● **SOURCE MATERIAL**:
■ ■ ■

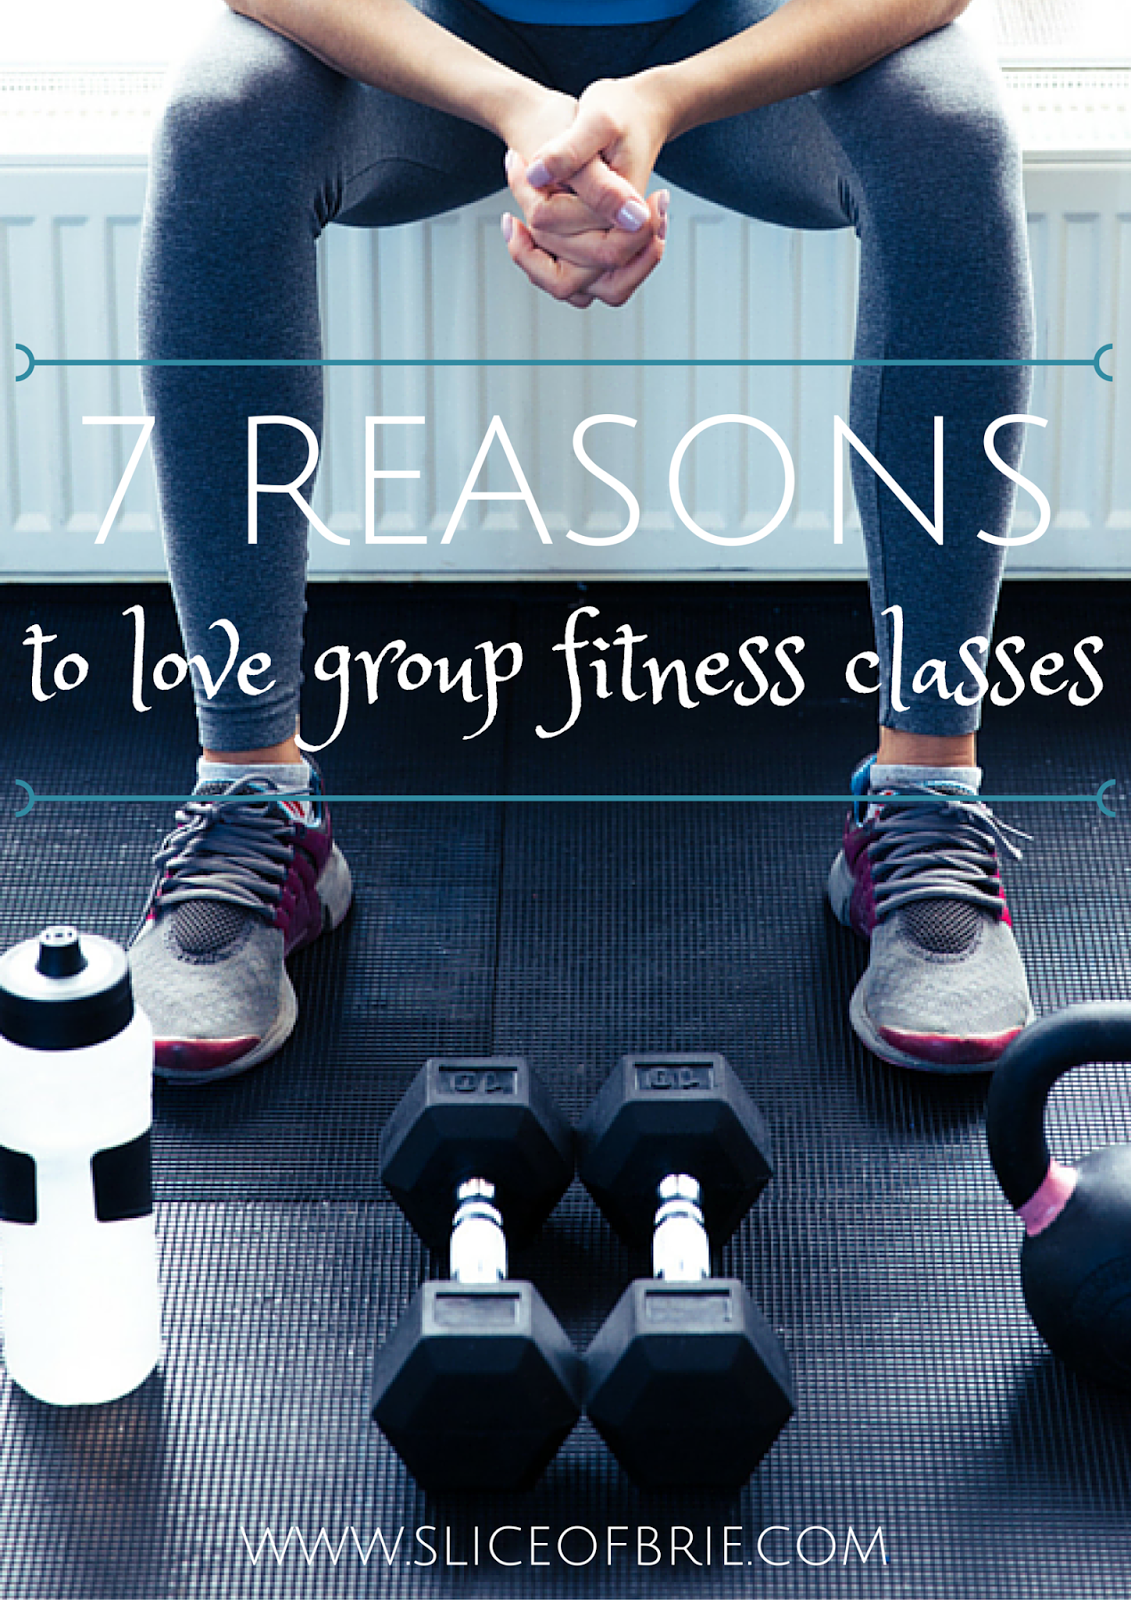 7 Reasons to love group fitness classes via A Slice of Brie
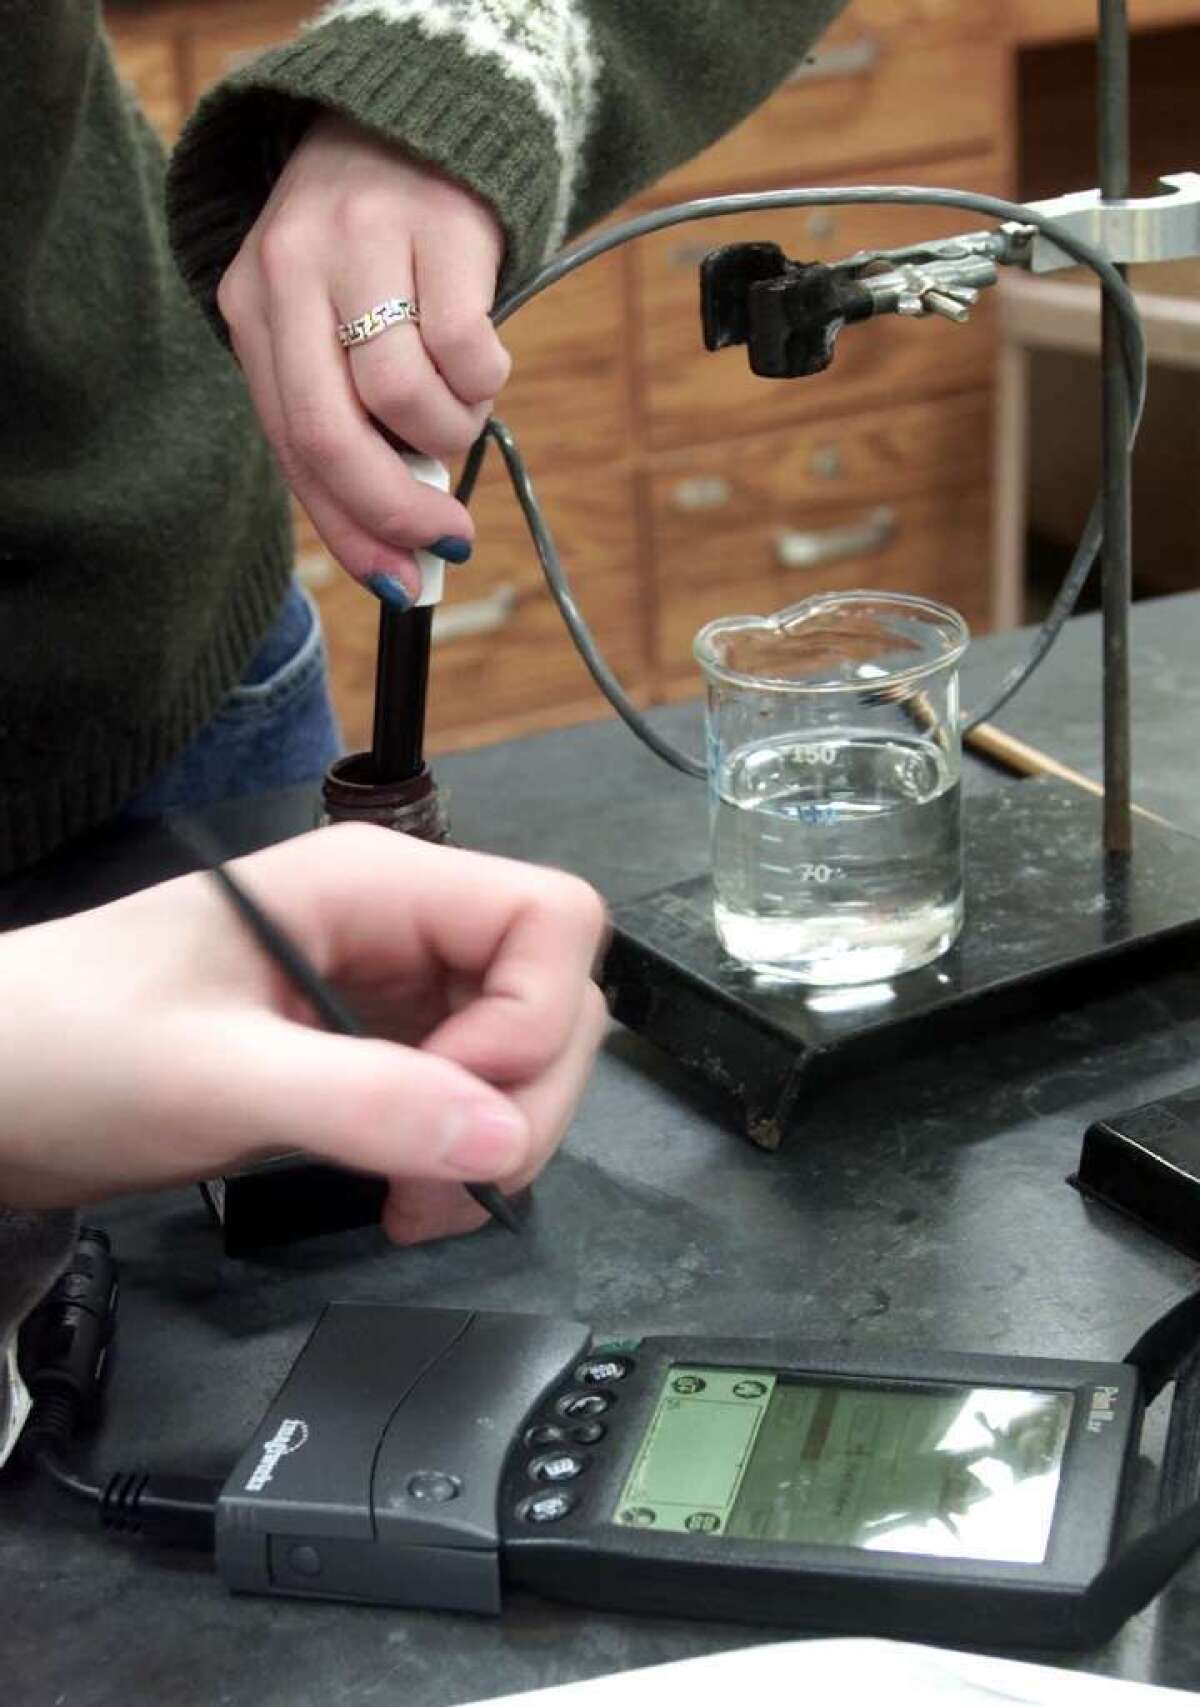 Students run an experiment in a chemistry class at an Illinois high school.
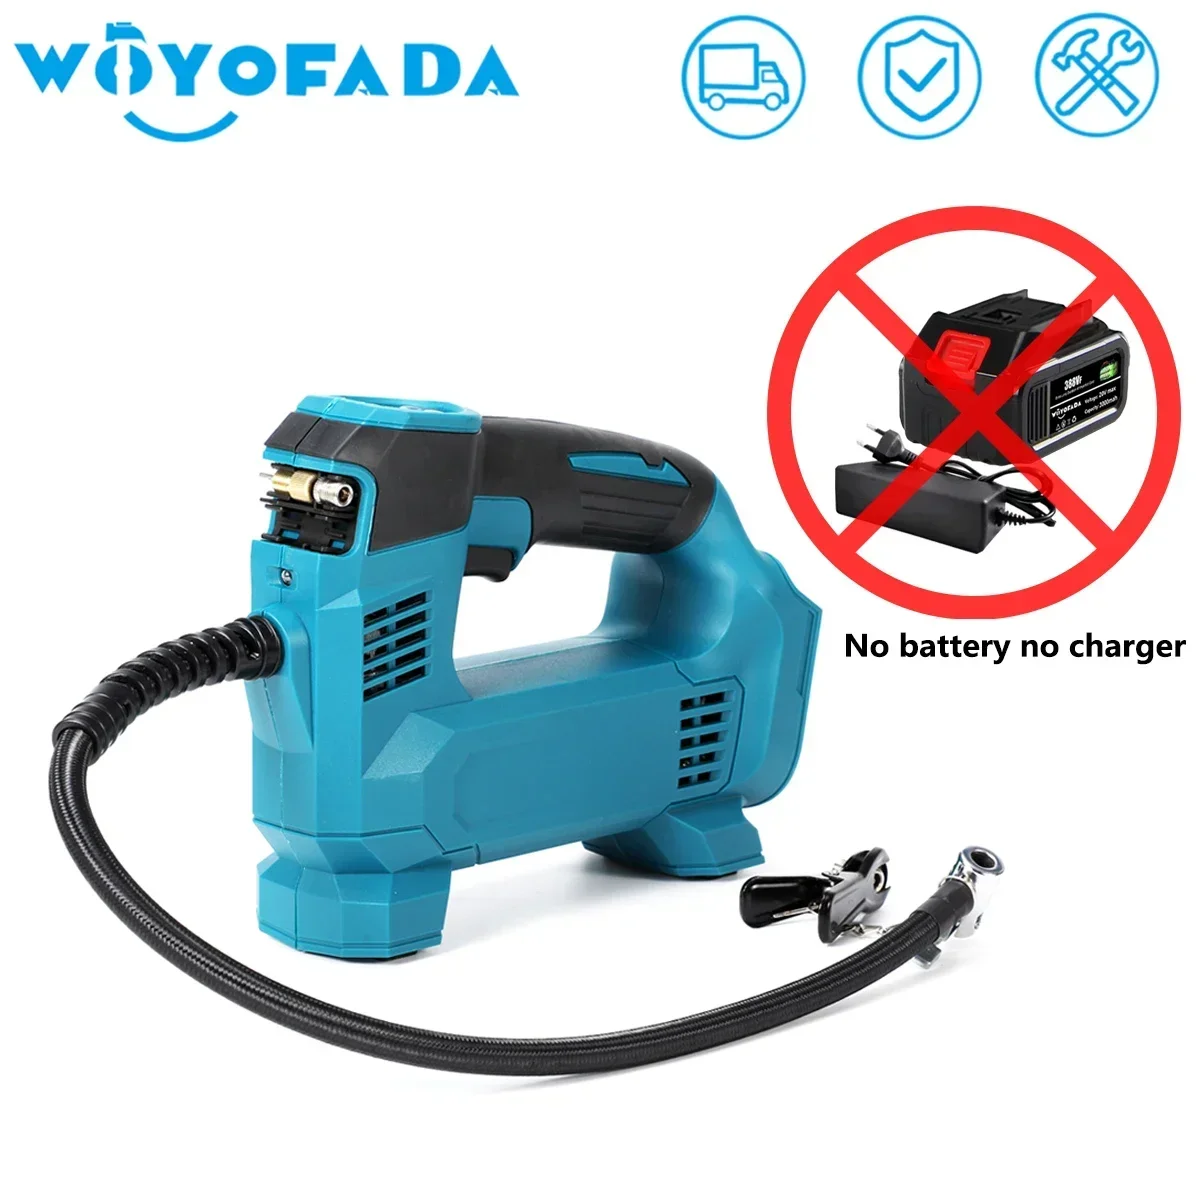 WOYOFADA Cordless Portable Electric Air Pump Car Tire Inflator Air Compressor For Car Bicycle Tires Balls For Makita 18V Battery 150psi car air pump cordless handheld air compressor portable electric tire inflator with led light auto off function for car motorcycle bicycle tires balls

■ ■ ■

● **EXERCISE OBJECTIVE**: Omit the pictures, then quote the rest of the material above exactly.

● **SOLUTION TO THIS EXERCISE**:
 7 Reasons to love group fitness classes via A Slice of Brie
 Students run an experiment in a chemistry class at an Illinois high school.
 WOYOFADA Cordless Portable Electric Air Pump Car Tire Inflator Air Compressor For Car Bicycle Tires Balls For Makita 18V Battery 150psi car air pump cordless handheld air compressor portable electric tire inflator with led light auto off function for car motorcycle bicycle tires balls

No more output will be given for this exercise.